Thursday, February 20, 2014

a little math on non-zero baselines

I had a friendly exchange with a blog reader over the past week related to my recent post highlighting some Pew Research makeovers. In this post, I made some comments regarding the use of a non-zero baseline: specifically, that it's not ok to have a non-zero baseline with a bar chart (see related blog post), but that you can get away with it in a line graph. The question was regarding how shifting to a non-zero baseline impacts the slopes of the lines in a line graph.

That's a very good question.

One I hadn't given any thought to before.

But now that I was thinking about it, I worried I'd been recommending something incorrect.

This must have really been weighing on me, because the night after I received the initial email asking about the impact on slopes, I had a dream where I was doing the math to show that it's actually ok. Next challenge: to see whether I could replicate my proof in reality. The short answer is yes.
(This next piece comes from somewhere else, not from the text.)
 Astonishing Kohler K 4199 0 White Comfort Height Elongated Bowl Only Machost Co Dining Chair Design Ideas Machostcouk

Rescaling from a y-axis that begins at zero to one that does not begin at zero actually doesn't impact the slope of the lines. To demonstrate this, I sketched out an example, leveraging some lessons learned back in 7th grade algebra:

On the left hand side, I've plotted a line that connects the data points 6, 7, and 19 (to which I've given x-coordinates of 1, 2, and 3, respectively). In this initial version, the y-axis ranges from a minimum of zero to a max of twenty. The calculations for the slopes of the two lines that connect these points is shown below the graph.
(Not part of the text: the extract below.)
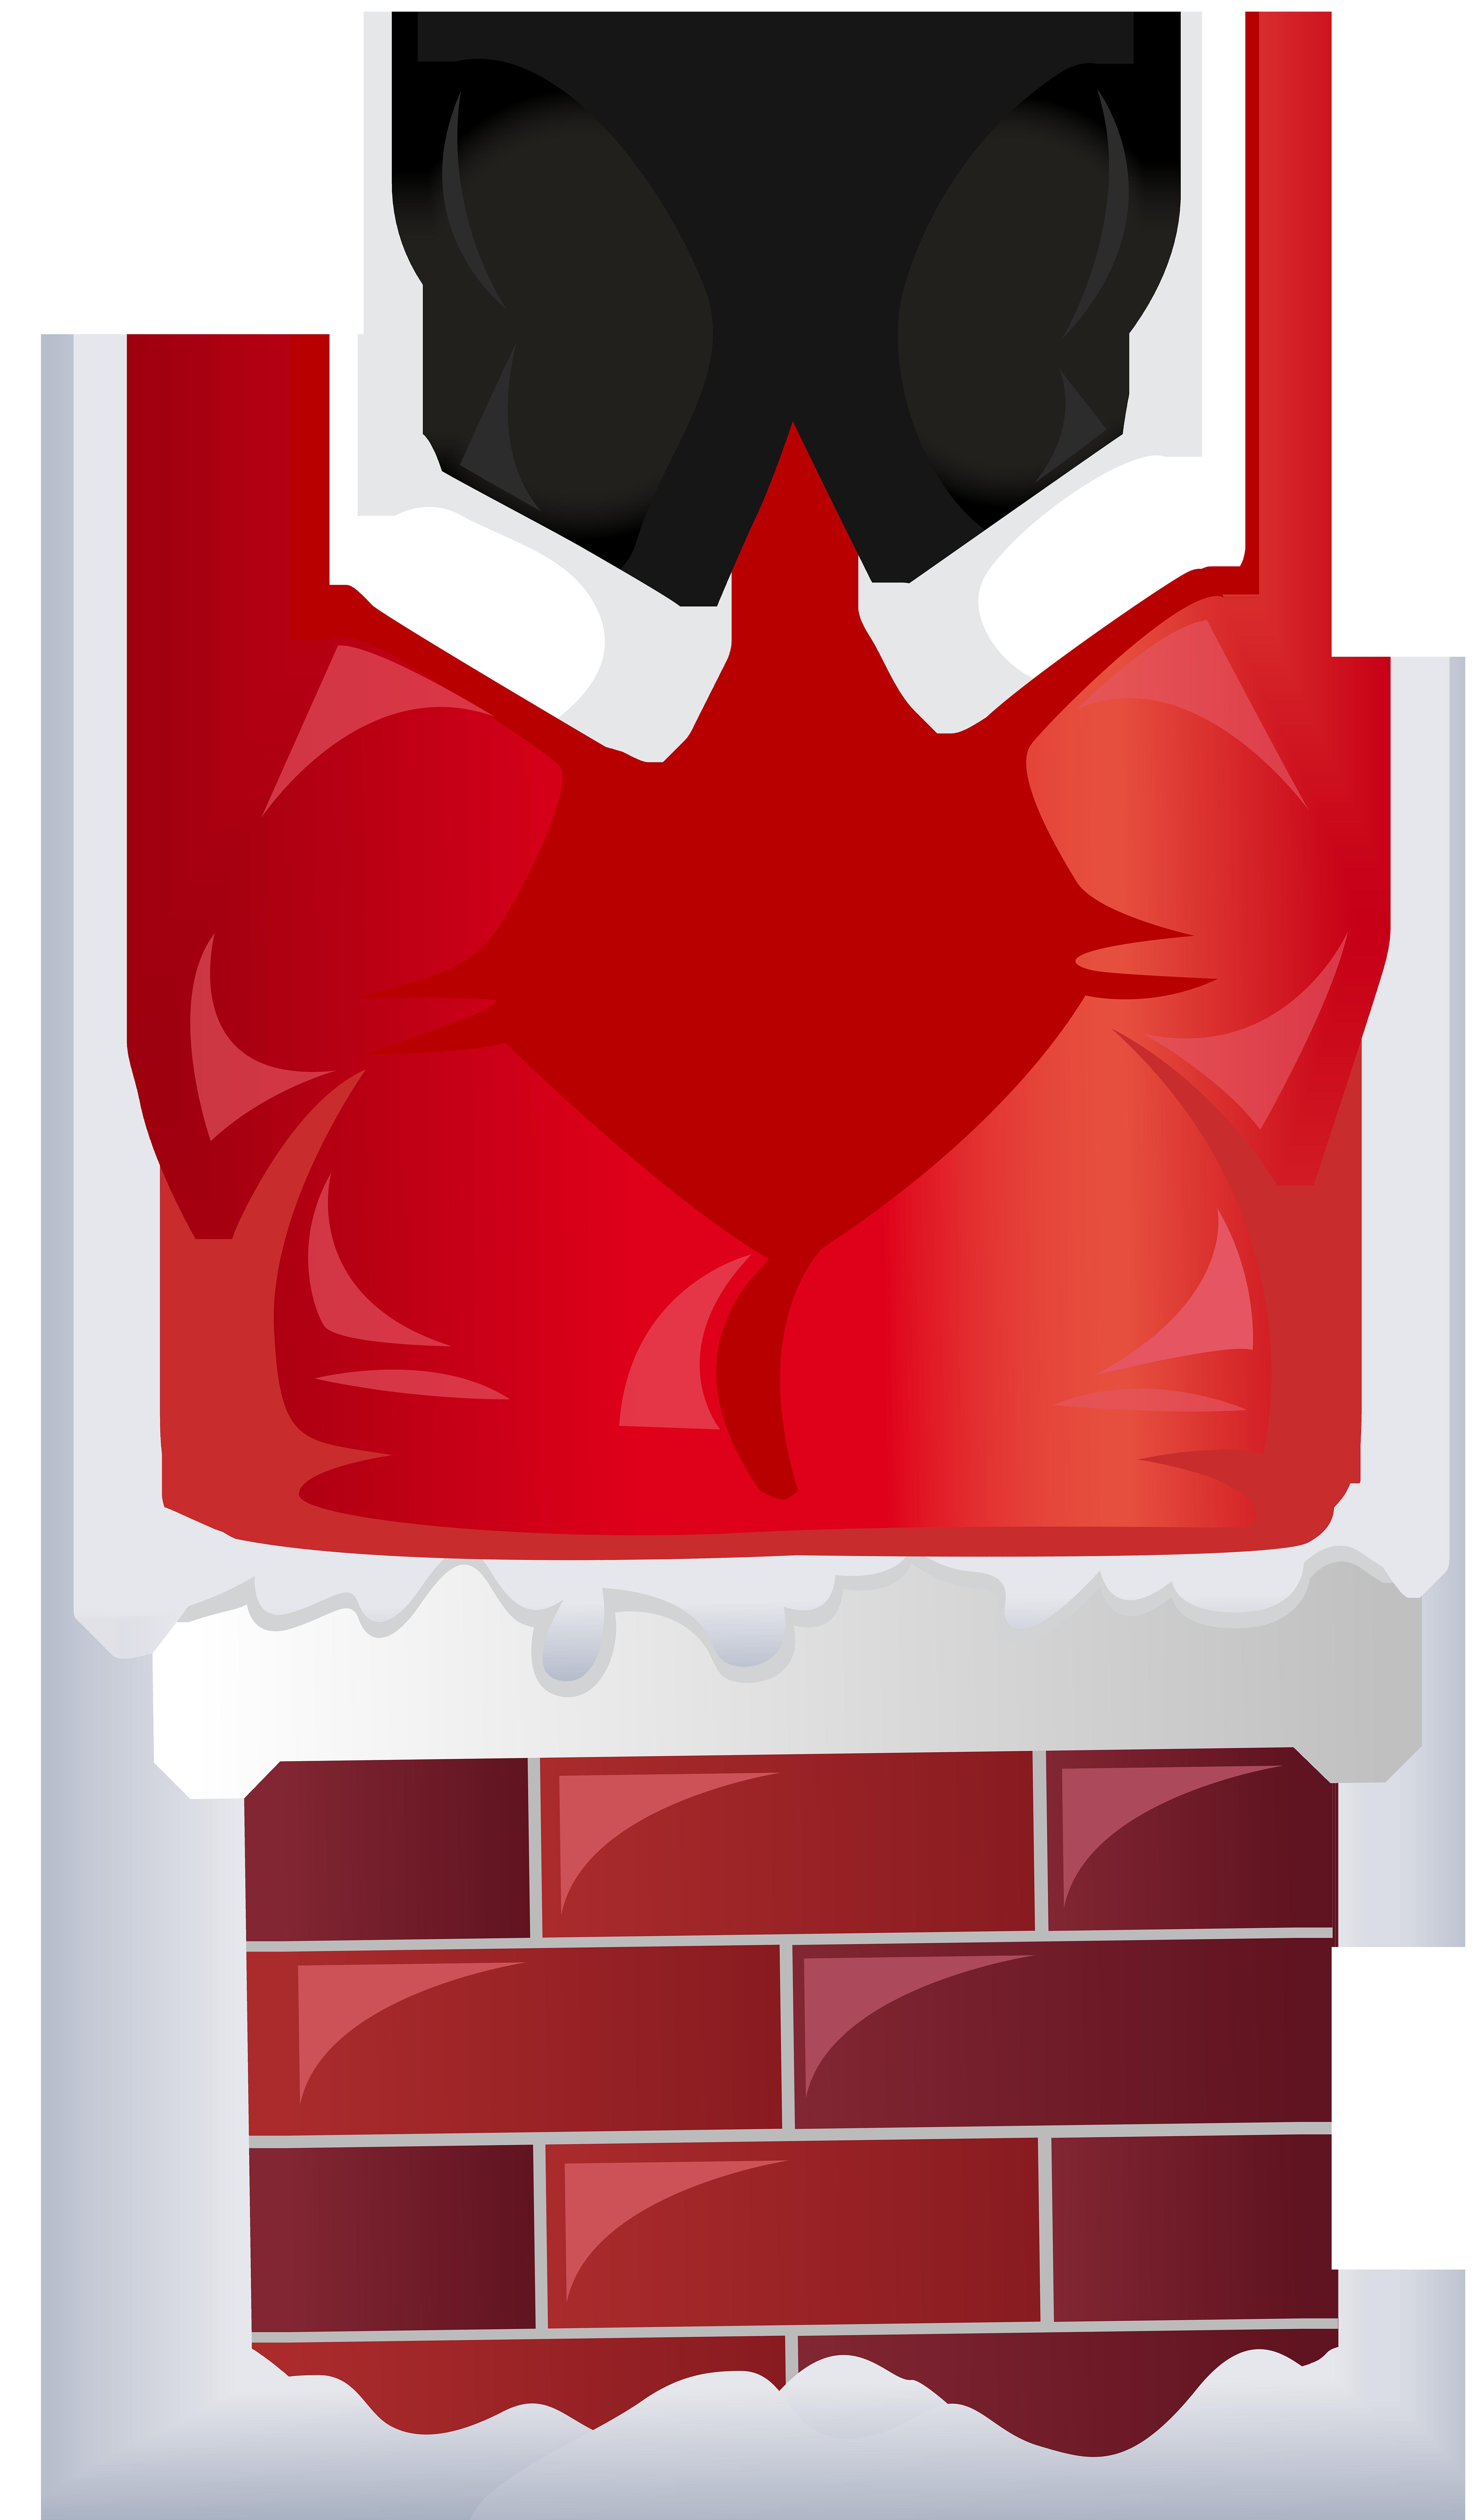 4681x8000 Funny Santa in Chimney Transparent PNG Clip Artu200b Gallery

On the right hand side, I've plotted the same points on a scale from 5 to 20, reducing the y-axis coordinates by 5 each to reflect this change in scale. Below the graph, we see the math for the slopes of the two lines connecting these points. The slope of each line is the same as it was initially. In other words, using a non-zero baseline does not impact the slope of the lines in a line graph.
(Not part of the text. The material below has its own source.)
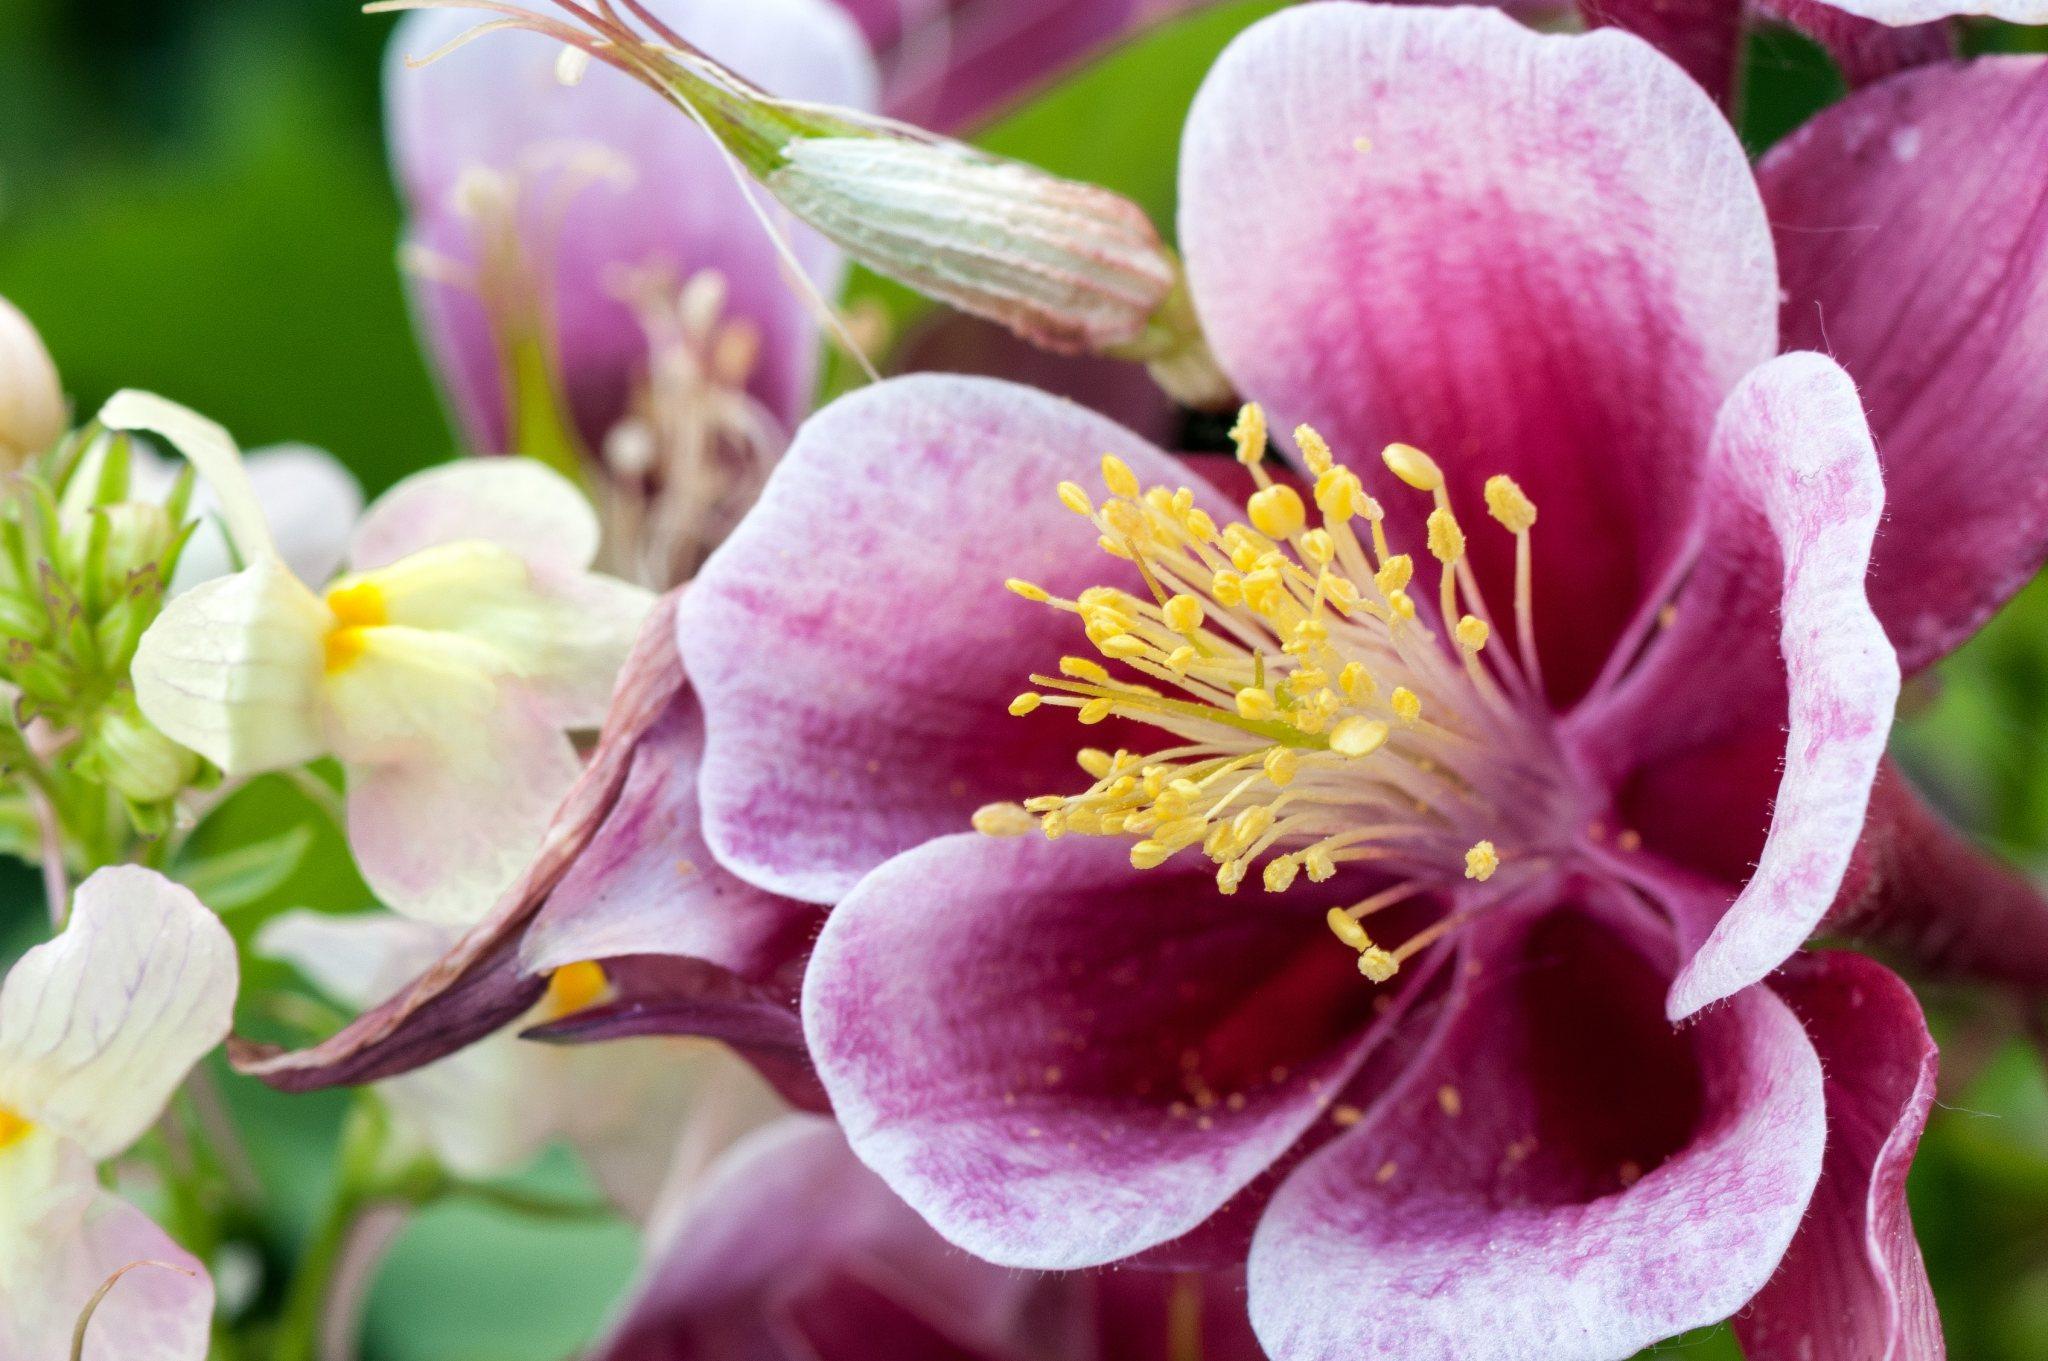 bronces_fleurs-12.jpg

Just to be sure I didn't inadvertently pick lucky numbers in this example, I did a second example with points (5, 12), (10, 17), and (20, 42) on a full y-axis scale from 0 to 50, and then one from 5 to 50 (again, reducing the y-coordinates appropriately to reflect this rescaling). I found the same thing: the slopes of the lines remain the same between the graph with the zero baseline and the one that's been rescaled. When I thought about this some more later, it seemed obvious - of course the slope of the lines doesn't change, because I'm not changing the points relative to each other, rather I'm changing their location relative to the x-axis.

But the conversation didn't end there. When I shared this with blog reader, Roberto, he responded with a couple of graphs to help illustrate his points. The first shows the original line (blue) on the primary y-axis (ranging from 0 to 20) and the line rescaled onto a secondary axis (red; with axis ranging from 5 to 20).

The next graph shows the same initial line on the primary axis (blue) and the line rescaled onto a secondary axis (red) that ranges from 5 to 105.

It's true that the absolute perception of steepness changes with the changing axis range. You see this when comparing either line that's plotted on the secondary axis to the original. But I'm not convinced that the relative slope between the two segments of the line are impacted, rather these appear to move together as the axis range changes.

To make sure I'm not promoting anything inappropriate, I consulted a couple other sources/experts. Alberto Cairo said when possible and to avoid confusion, retain the zero baseline. He suggested when this isn't feasible, you can create two line graphs rather than one, where the one with the zero baseline can be a small inset without the scale (just the baseline) in one corner of the larger graph, where you've zoomed in. This is an interesting solution, and one I plan to try out when the next opportunity presents itself.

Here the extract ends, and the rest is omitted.